Single by Luke Combs

from the album Gettin' Old
- Released: October 16, 2023
- Genre: Country
- Length: 3:59
- Label: Columbia; River House;
- Songwriters: Randy Montana; Dave Turnbull;
- Producers: Chip Matthews; Luke Combs; Jonathan Singleton;

Luke Combs singles chronology
| "Life Goes On" (2023) | "Where the Wild Things Are" (2023) | "Ain't No Love in Oklahoma" (2024) |

= Where the Wild Things Are (song) =

"Where the Wild Things Are" is a song written by Randy Montana and Dave Turnbull, and recorded by American country music singer Luke Combs. It was released on October 16, 2023 as the third single from his fourth studio album Gettin' Old.

==History and content==
Songwriters Randy Montana and Dave Turnbull wrote "Where the Wild Things Are" several years prior to it being recorded by Combs.

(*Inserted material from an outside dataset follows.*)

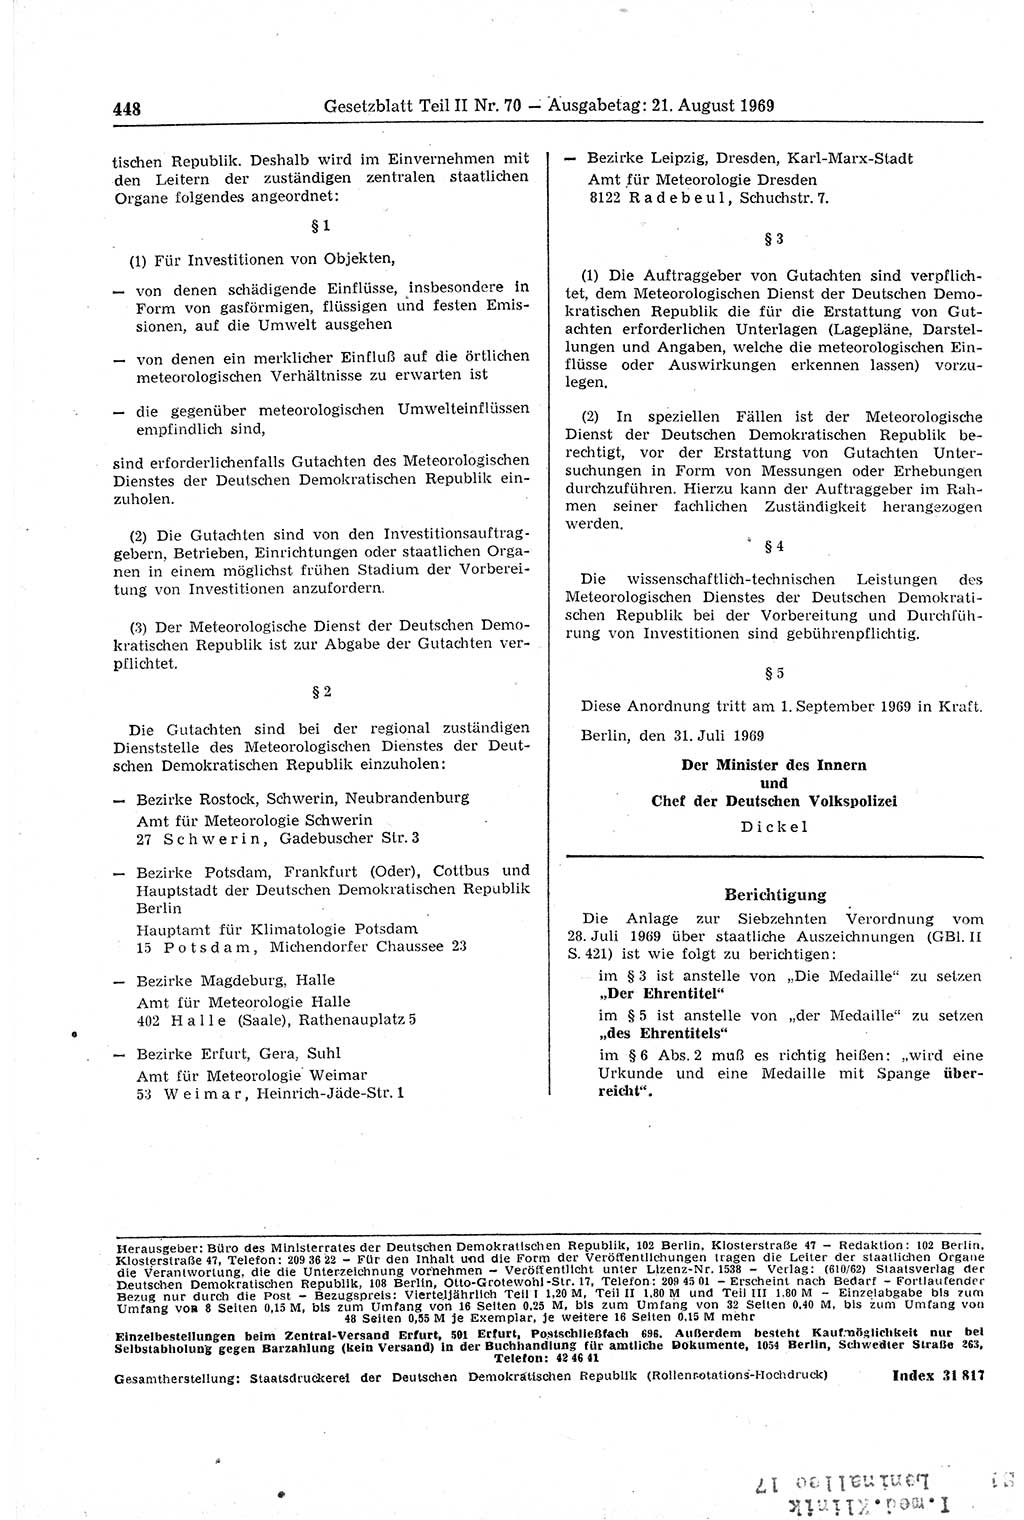 Gesetzblatt (GBl.) der Deutschen Demokratischen Republik (DDR) Teil ⅠⅠ 1969, Seite 448 (GBl. DDR ⅠⅠ 1969, S. 448)

According to Combs in an interview with the blog Country Now, the song was originally submitted to Eric Church, who declined to record it. Billy Dukes of Taste of Country thought the song had "outlaw" imagery and noted it to be one of the few "storytelling" songs in Combs's discography.

==Commercial performance==
"Where the Wild Things Are" peaked at number three on the Billboard Country Airplay chart in late February 2024, becoming Combs's second single to miss the number one spot on that chart, and with a number four peak on Hot Country Songs, it was his first single to miss the top spot on either. It did, however, reach number one on the Canada Country chart.

==Charts==
===Weekly charts===

Weekly chart performance for "Where the Wild Things Are"
| Chart (2023–2026) | Peak position |
|---|---|
| Australia (ARIA) | 24 |
| Australia Country Hot 50 (The Music) | 14 |
| Canada Hot 100 (Billboard) | 26 |
| Canada Country (Billboard) | 1 |
| Global 200 (Billboard) | 108 |
| Ireland (IRMA) | 14 |
| Sweden Heatseeker (Sverigetopplistan) | 7 |
| UK Singles (Official Charts) | 37 |
| UK Country Airplay (Radiomonitor) | 18 |
| US Billboard Hot 100 | 26 |
| US Country Airplay (Billboard) | 3 |
| US Hot Country Songs (Billboard) | 4 |

===Year-end charts===

2024 year-end chart performance for "Where the Wild Things Are"
| Chart (2024) | Position |
|---|---|
| Australia (ARIA) | 68 |
| Canada (Canadian Hot 100) | 69 |
| Global 200 (Billboard) | 196 |
| US Billboard Hot 100 | 70 |
| US Country Airplay (Billboard) | 39 |
| US Hot Country Songs (Billboard) | 14 |

2025 year-end chart performance for "Where the Wild Things Are"
| Chart (2025) | Position |
|---|---|
| Australia (ARIA) | 70 |

==Certifications==

Certifications for "Where the Wild Things Are"
| Region | Certification | Certified units/sales |
| Australia (ARIA) | 3× Platinum | 210,000^{‡} |
| Canada (Music Canada) | Platinum | 80,000^{‡} |
| New Zealand (RMNZ) | Platinum | 30,000^{‡} |
| United Kingdom (BPI) | Platinum | 600,000^{‡} |
| United States (RIAA) | 4× Platinum | 4,000,000^{‡} |
^{‡} Sales+streaming figures based on certification alone.